Where It Began
At the tender age of two, John experienced the first signs of abnormality. Having just learned how to walk the past day, he began to feel weak, experiencing a pervasive sense of fragility that spread slowly through his legs until he eventually forgot how to walk.
When his parents enrolled him in school, he found it difficult to memorize all those foreign symbols and abstruse operations. “Repeat ‘A, B, C’ after me”; “Add the 7 and carry the 1,” his teachers said, but all he heard was “gobbledygook.”
Men in white jackets carrying strange instruments came and went, always tapping his knee and looking at him with sad eyes. As each one shook his head and walked out the door, the hopeful smiles on his parents’ faces withered into despondent grimaces, and John wondered what he had done wrong.

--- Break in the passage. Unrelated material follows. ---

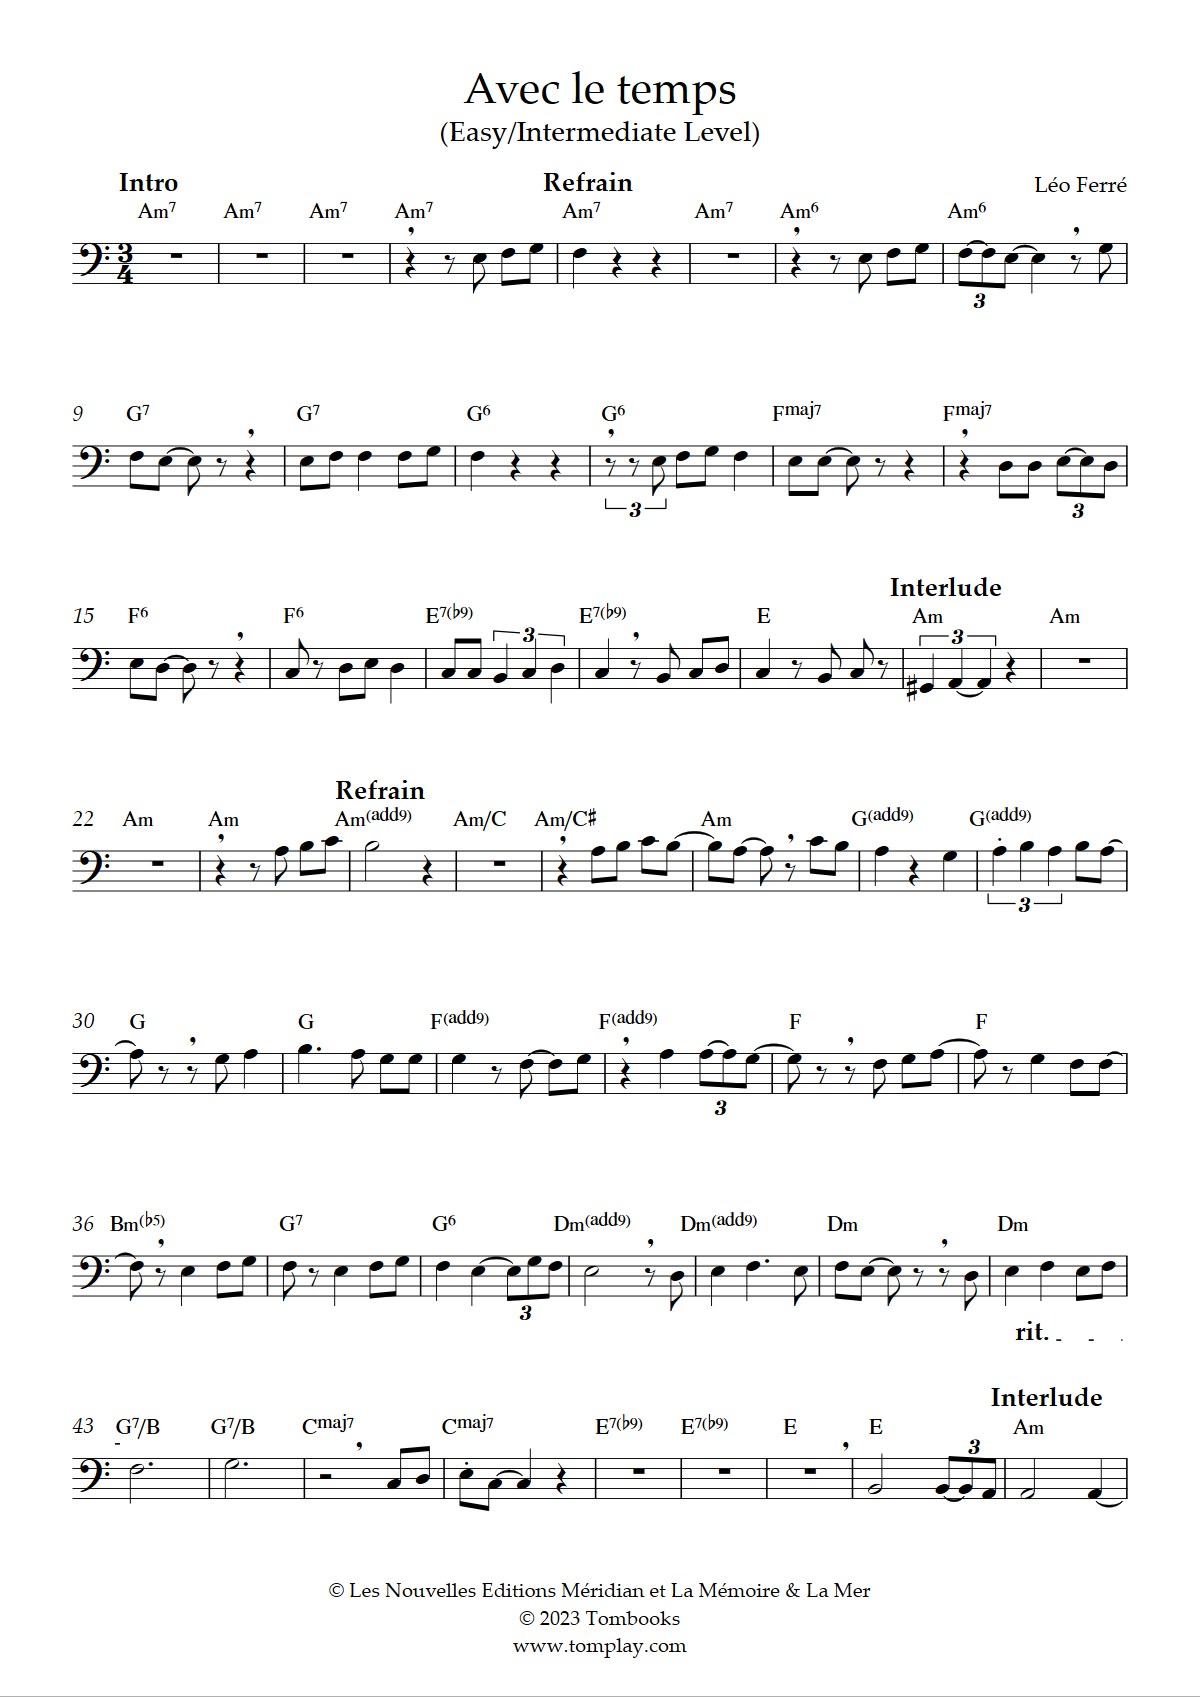 Avec le temps (Easy/Intermediate Level) (Léo Ferré) - Trombone Sheet Music

Then came the day that John met Dr. Duchenne. John liked him; he was the first one to light up his parents’ faces, even though when he cut out a piece of John’s muscle it hurt him very much. He came to visit him more after that, and the other jacketed men disappeared. But even Duchenne, with his revolutionary muscle biopsy and original ideas, couldn’t save John in time.
John was the first that French physician Guillaume-Benjamin-Amand Duchenne encountered in a long string of patients all exhibiting the same mysterious symptoms. Each would start experiencing muscle weakness at a young age, have trouble learning, and continue to worsen until confined to a wheelchair. Death usually occurred around age 25 due to defective lung muscles.
Despite never discovering a cause or treatment for the illness, Duchenne was the first to provide a detailed description of its symptoms and progression (Jay), earning him the condition’s name. Today we know this disease as Duchenne muscular dystrophy (DMD).
Since then, the cause of DMD, a degenerative disorder that affects nearly 1 in 3,500 male babies, has been attributed to a lack of dystrophin protein (Kerkis). That is not to say, however, that females cannot be affected, too. Due to the dystrophin gene’s location on the X chromosome, males, who need only one copy of the gene to contract DMD, are twice as likely to be diagnosed with it as females (Darras).
Despite valiant efforts, no cure for DMD currently exists. Scientists now think that hope may lie within a common friend – the golden retriever.
And Then There Was Hope
Golden retrievers are popular among families for their affectionate demeanor, but are more well-known among scientists for their genetic code.
In 1988, Dr. Beth A. Valentine and her collaborators at the Cornell University College of Veterinary Medicine studied a group of dogs suffering from a degenerative disease, coined golden retriever muscular dystrophy (GRMD), which physically resembled DMD. The dogs, like human DMD patients, lacked dystrophin protein and exhibited muscle weakness and gait abnormalities, suggesting similarity between GRMD and DMD (Valentine).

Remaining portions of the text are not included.